* _EXERCISE REQUIREMENTS_:
Transcribe exactly everything in the data below from the line containing "Delicious Cake Piece Isolated - 6xJPGs" down to the line containing "Young students having", both lines included and nothing further.

START DATASET EXCERPTS

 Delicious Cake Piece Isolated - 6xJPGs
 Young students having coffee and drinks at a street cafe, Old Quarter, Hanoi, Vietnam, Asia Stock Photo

END DATASET EXCERPTS
START DATASET EXCERPTS

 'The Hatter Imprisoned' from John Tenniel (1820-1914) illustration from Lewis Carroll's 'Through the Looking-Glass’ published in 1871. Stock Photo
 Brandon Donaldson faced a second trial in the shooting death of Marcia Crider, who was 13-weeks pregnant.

END DATASET EXCERPTS
START DATASET EXCERPTS

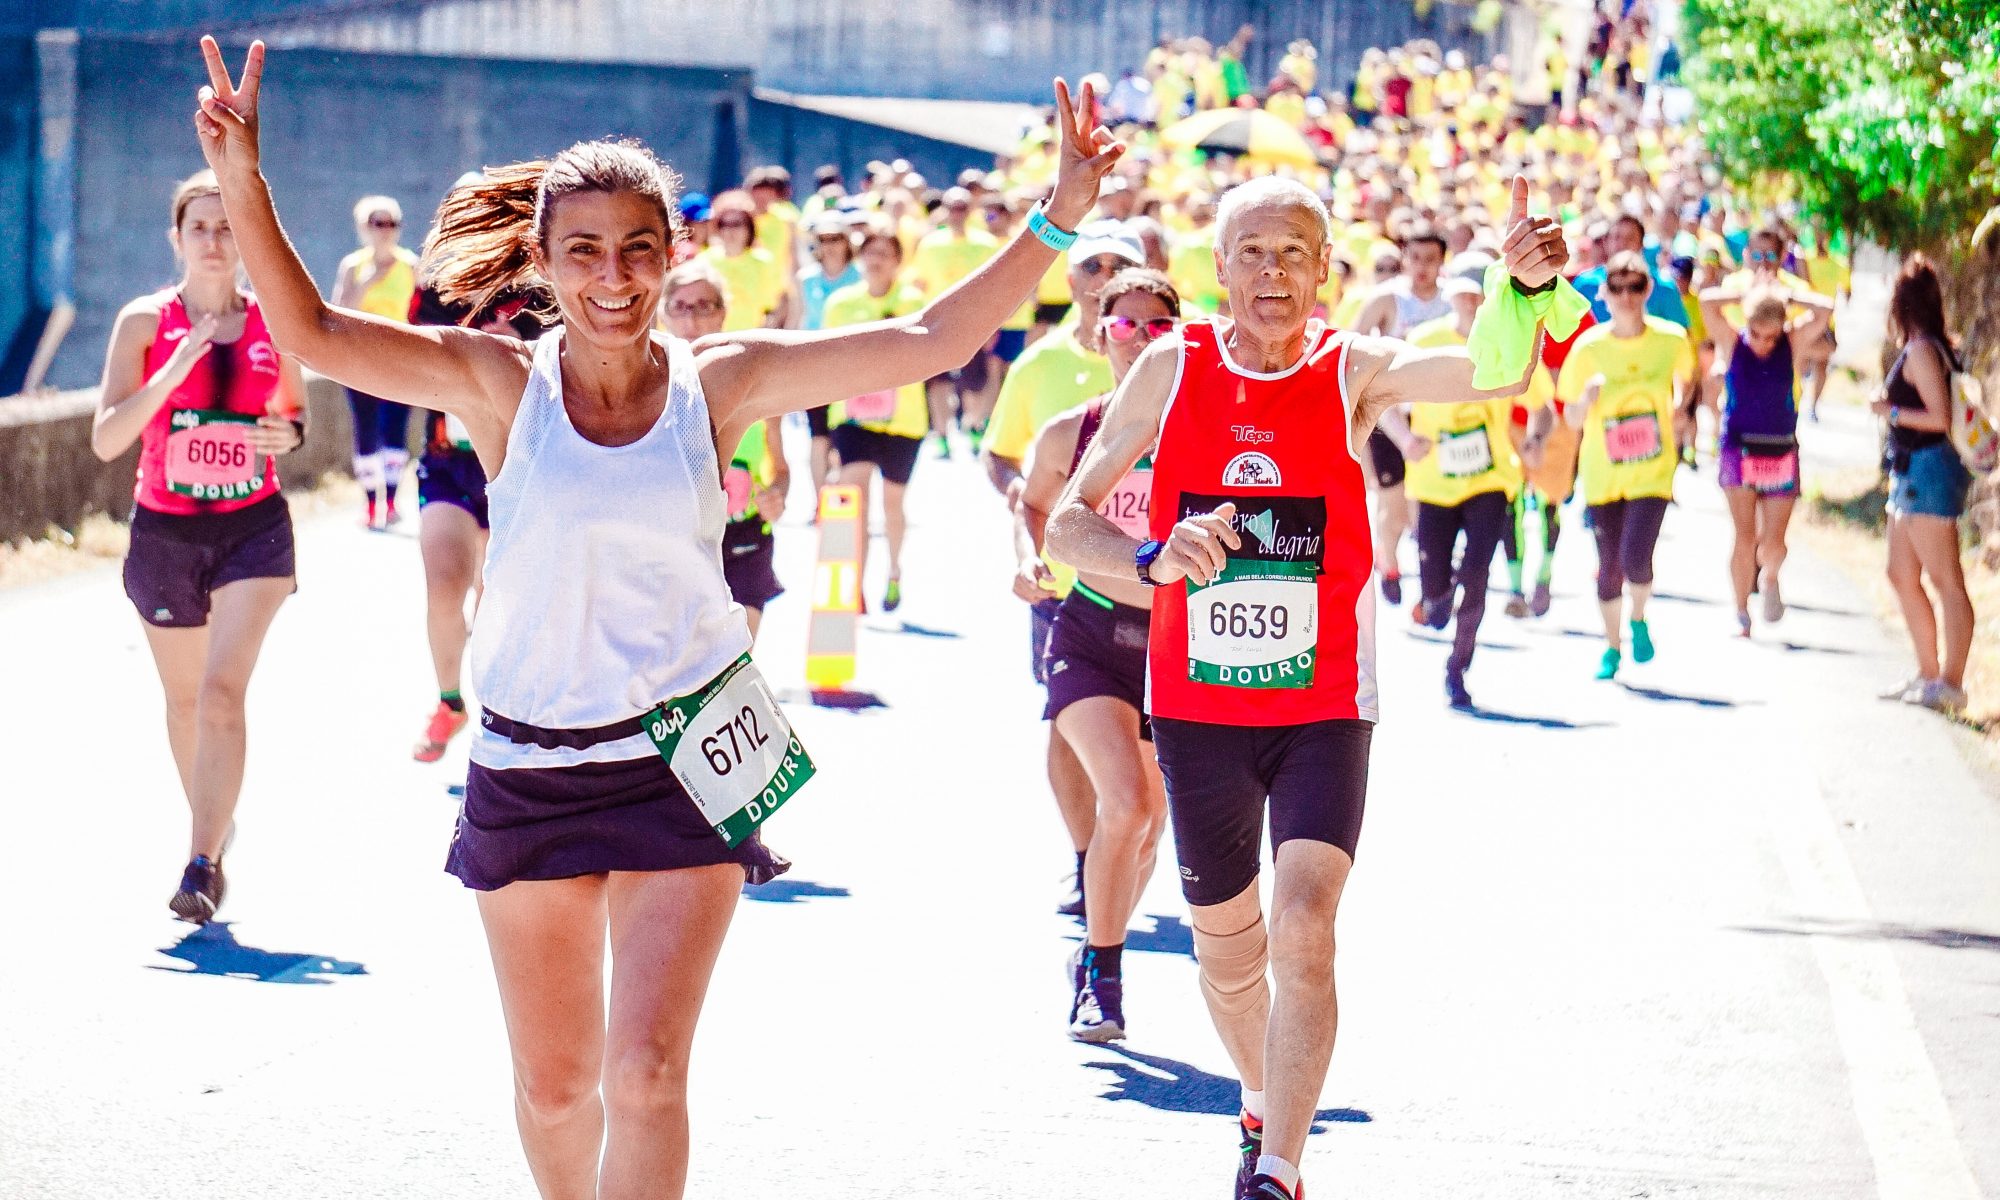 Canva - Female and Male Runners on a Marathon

END DATASET EXCERPTS

* _ANSWER BOX_:
 Delicious Cake Piece Isolated - 6xJPGs
 Young students having coffee and drinks at a street cafe, Old Quarter, Hanoi, Vietnam, Asia Stock Photo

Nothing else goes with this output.